Geopolitical shifts and mounting great-power rivalries are also straining global cooperative efforts, thus increasing tensions between Washington and Beijing. This too is endangering multilateralism, and not solely in the economic sphere. On the other hand, mounting tensions between the United States and Russia risk inflicting long term damage on arms control and the global non-proliferation regime.
To effectively uphold a system of multilateral cooperation, the system’s biggest players must agree on the basic principles of cooperation. This represents an opportunity for the European Union to finally become a partner on equal footing with the United States, China, and Russia. This is for its own benefit, and for the world as a whole. The opportunity is there. What is missing, though, is more power and the ability to speak with one voice. This way, the United States will feel less inclined to choose unilateral action.
In order to make this possible, it must start within the Western alliance: we must recognize the operational mechanisms the Transatlantic community has in place and work on those needing fortification. This means the EU must build its own armed forces and NATO must undergo a serious transformation to be able to accept a “joint venture” approach in terms of its military capacity. Being on equal footing in this regard, the Transatlantic alliance will function better and be fully prepared to address an increasingly challenging geopolitical environment.
To sum it all up: the more European partners see themselves in a leadership role, the more inclined the United States will be to see multilateral action as the most viable solution and most effective tool to achieving its end goals.

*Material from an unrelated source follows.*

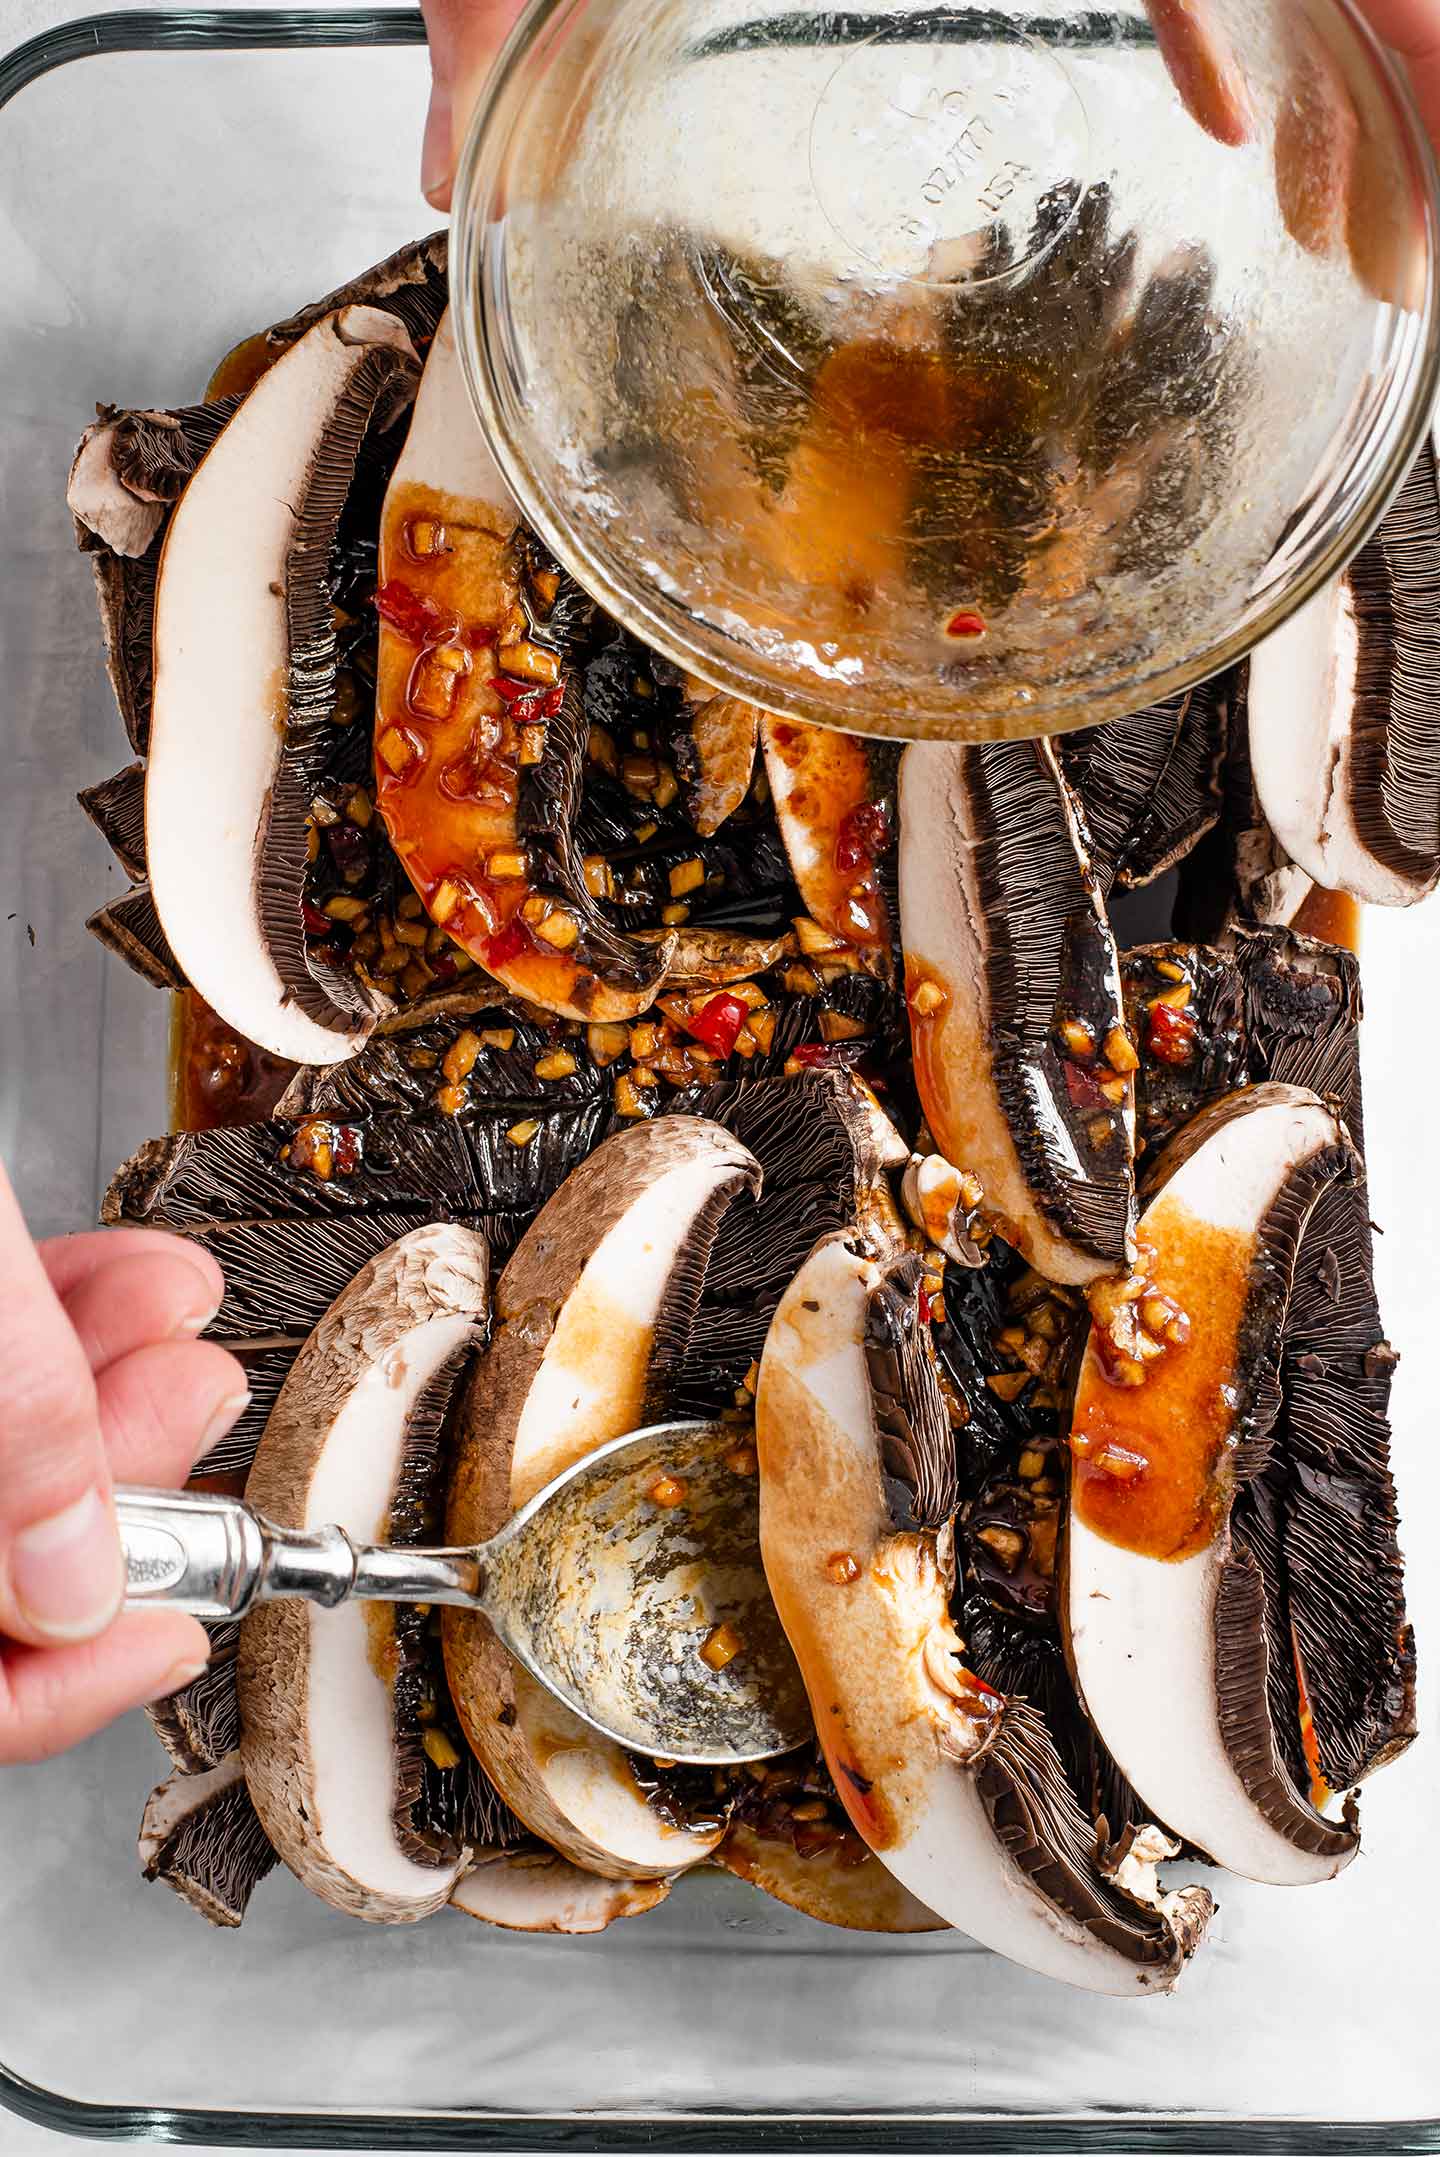 Top down view of a dark marinade with minced ginger and chilli pepper being poured over sliced portobello mushroom.

In addition, drawing from the lessons from COVID-19 means avoiding divisive behavior, which has been compounded by the lack of clear communication. This is especially relevant in communications between the WHO and UN member states. Communication is the most important tool in international crises, and communicative multilateralism must be at the core of all response strategies.
The UN would be well-advised to lead, and to stand at the forefront of this effort. World leaders must step back from knee-jerk reactions and instead come together in order to pursue forms of international cooperation based on the needs of the globalized, digital era. This should take the form of communicative multilateralism.
Autumn 2020 marked the seventy-fifth anniversary of the founding of the United Nations. It represented a unique opportunity of evaluating its results, failures, and contemporary position. As for the United States—a co-founder of the UN and one of its leading members—we should reflect on their role then and now. As one of the major architects of this system, America cannot afford to ignore its corrosion. On the contrary, the United States should once again step into the breach and play a leading role. It should take into account the completely changed historic circumstances as well as the timeless and universal values of the UN, which aim to preserve global peace and security.